Arriving Wednesday, the day before the conference started, I was content with how everything was going so smoothly. My bus had arrived, without incident, at Penn Station from Boston. The four hour journey had been uneventful, with no creepy people shooting me the stink eye, or mumbling to themselves. In Canada there was a renowned case where one man on a Greyhound bus completely lost his mind and decapitated another passenger. After hearing that story I have always felt a little trepidation to travel on a bus alone. Luckily everything turned out to be more than agreeable on this short trek to the big city. In fact there were three women (one of them was sitting with me), who had decided to chase their dreams by auditioning for a Broadway play. One of them was singing softly along with her IPod, and her voice sounded like an American Idol contestant, who had a chance to make it to the finals!

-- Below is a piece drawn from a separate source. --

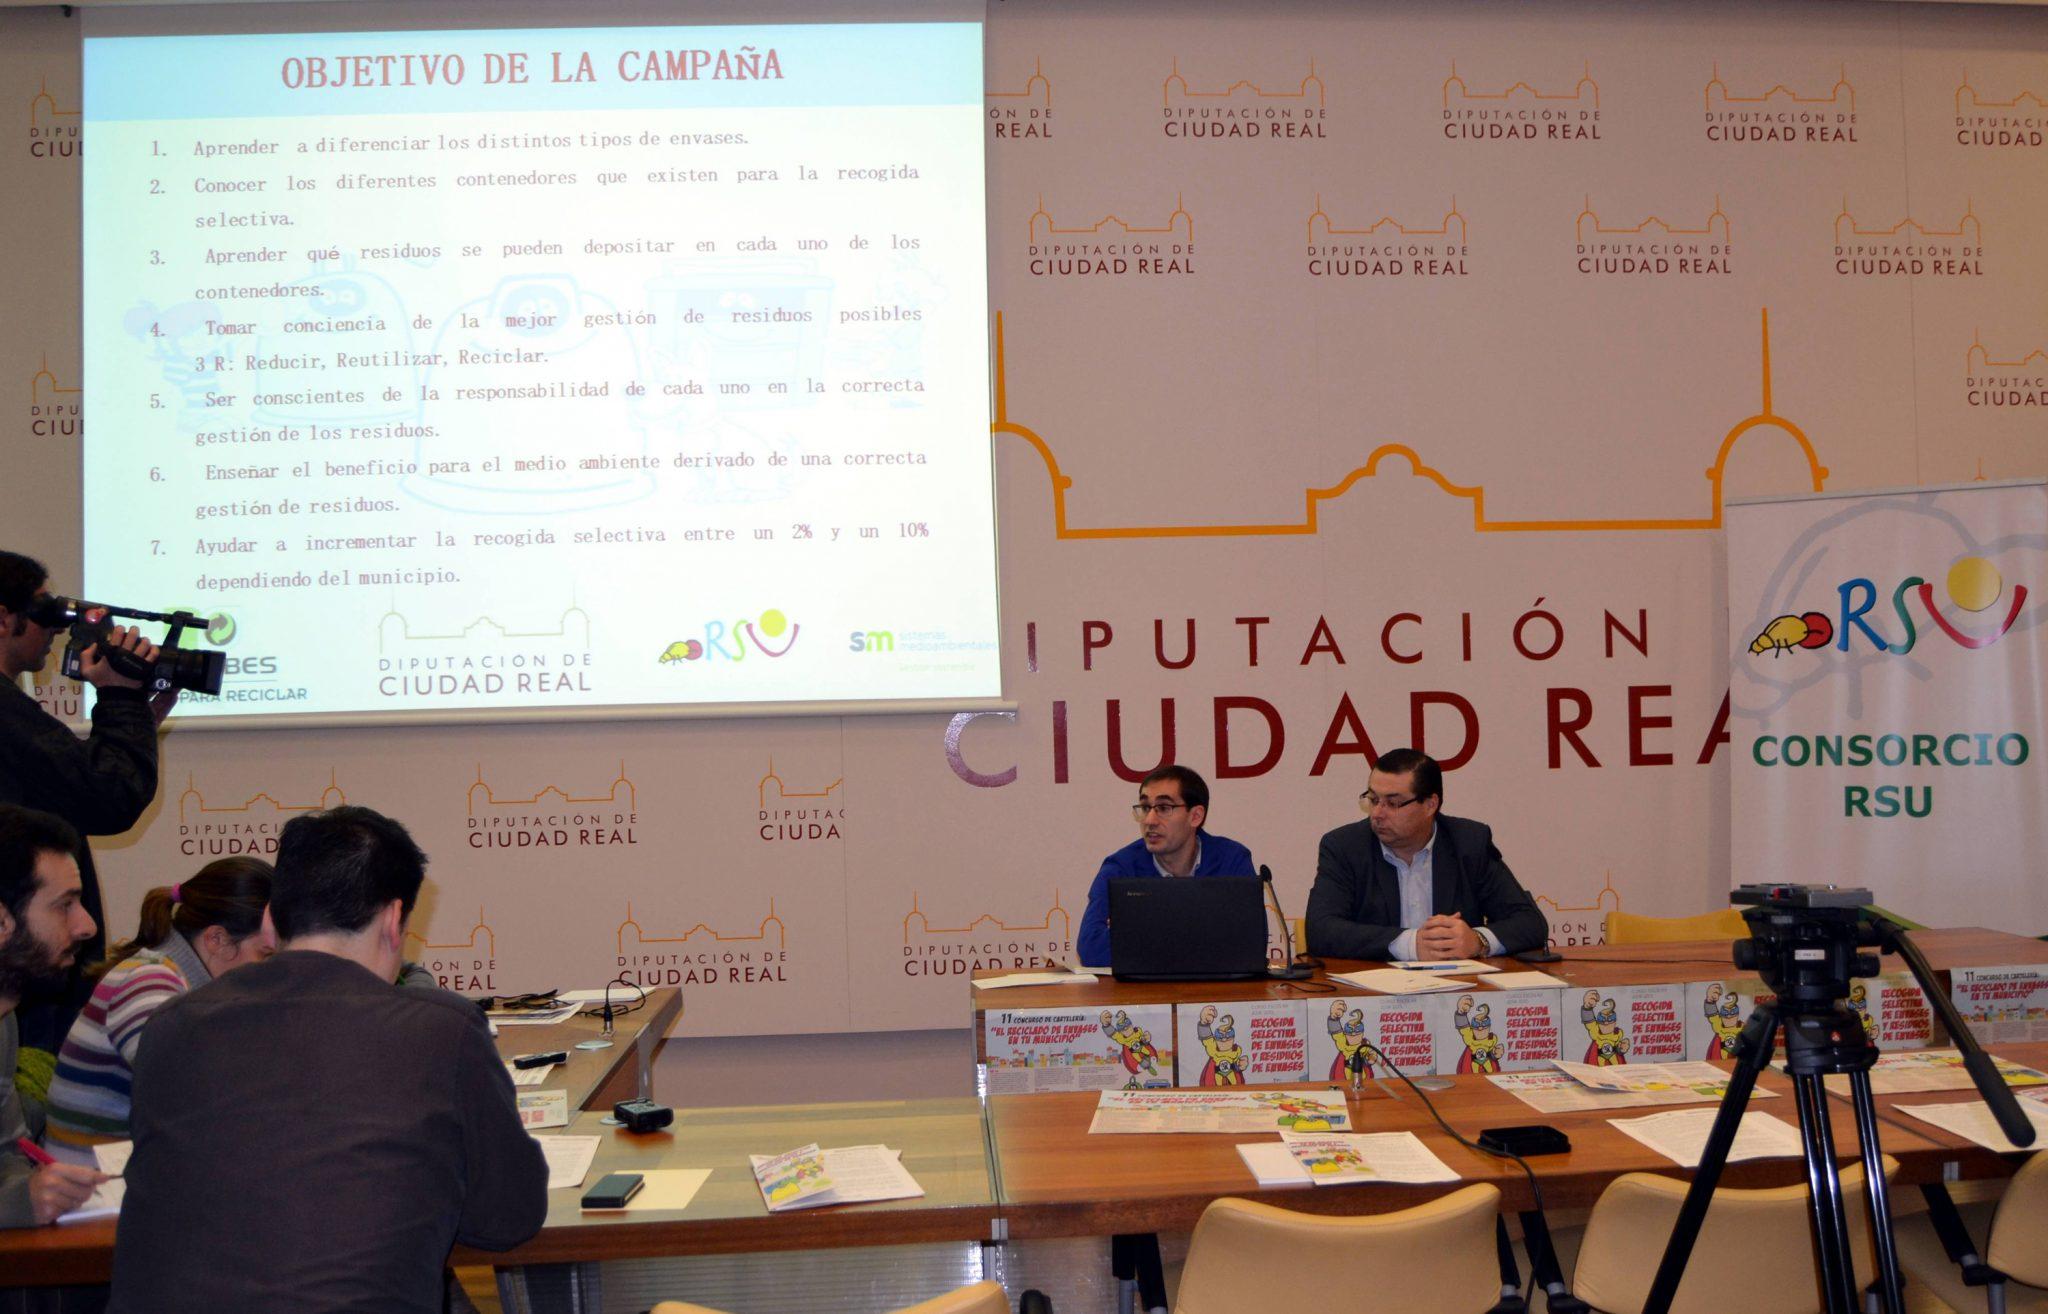 El Consorcio de Residuos Sólidos Urbanos de Ciudad Real presentó la Campaña de Educación Ambiental 2015

The bus station is like a slimy underground maze, and I was a very confused mouse trying to navigate myself out to a street, any street in fact. Within five minutes, a very nice man noticed that I was literally walking around in circles, and helped me find my way up through the concrete tunnels to 8th street, getting me right into a taxi. Little did I know that I would soon be very familiar with Penn Station, as I would pass it every day when I walked the 15 or so blocks to the conference from my hotel.
From there I was pleasantly surprised when I reached the Chelsea Savoy, a hotel I had spent weeks trying to find online, and found that it was actually a very spacious room. It shouldn’t have been startling that this trip was almost effortless; after all it is unusual for my journeys to take place where English is the main language. Finding a hotel that had a bathroom in the room for less than 100 dollars a night had proven to be a challenge. Here I was, and there was even a blow dryer and iron available! Suffering from severe sleep deprivation from a week devoid of rest, I was none the less determined to explore the city in the light of day! I was in New York, which is one of the most fascinating cities in the world!

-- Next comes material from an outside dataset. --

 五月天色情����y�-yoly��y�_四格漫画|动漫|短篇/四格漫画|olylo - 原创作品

Grabbing my purse, I headed out, the noises from the street smacking me in the face as I walked out the hotel door. Even though you can be fined up to 350 dollars for honking your horn in the city (at least according to the signs posted), that wasn’t stopping most people from enthusiastically joining in the madness. Underneath my feet, the vibrations, heat, and sounds of the subway reminded me I wasn’t in El Paso anymore. This was a city that was constantly moving at 100 miles an hour. The people that belong to New York don’t move much slower, as they are on their way to somewhere important. Their strides are long, and their focus on their individual missions is undeniable.
I found myself not wanting to be mistaken for a tourist, so I wore mostly black, walked about 12 miles an hour, and pasted a blank, apathetic look on my face. Maybe it was the fact that I was in New York on a quest, just like thousands of others who venture into the Big Apple. You can almost be carried away by the fact that the majority of people here seem so driven, and will stop at nothing to reach their goals. In El Paso there is a more laid back vibe, which doesn’t always propel me into action.
There is no denying that New York differs from El Paso. First of all there were thousands of people out on the streets. In El Paso you only see everyone walk the mall or in the parking lots. The fascinating thing is that there was such a mosaic of people: The middle age man with the Twisted Sister lead singer’s hair, the elderly lady pushing a walker, the 6 foot something skinny European looking model, the 60’s throwback hippy, the suits walking 80 miles an hour since time is money, the tourists, and all other types in between. The biting wind felt friendly, as I prefer the cold to the heat that had already been invading the desert since the end of February. The grey cloudy day was a contrast from the optimism I was feeling about finally getting answers to my questions about my book. What really surprised me was how the pedistrians play “chicken” with the motorists! It is like the Walk/Do Not Walk signs are only suggestions. Several times I saw men, women, even teenagers, barely escape being mowed down by a taxi or bus. In El Paso, there is no question that this game would go horribly, horribly wrong. We are not known for being the best drivers as it is, so you throw in the risk takers crossing the street without looking both ways, and you’d have a disaster on your hands.
What started as a short stroll, turned into an almost 3 hour exploration of the surrounding neighborhood. Hot dog stands everywhere. Pigeons were swooping down, dangerously close to my head, making me wonder if their intentions were mischievous or naughty. (There is paranoia due to an unfortunate event several years ago when one pigeon decided to relieve itself on me). Curiosity gripped me when I would hear little snippets of unusual conversations.
“The hood came out in me today when my boss got after me about the deadline.”
“I’m not sure whether I want to say yes or not. He is a great guy though.”
“If I get the part, this could change everything.”
As the sun started to set, I walked to the Ripley’s Studios on 8th Avenue. Now I knew how to get to the conference tomorrow, and wouldn’t have to panic because I was lost. Heading back to the hotel, I knew the week would be full of highs and lows, but was confident that in the end I would walk away with more answers on how I could publish my book.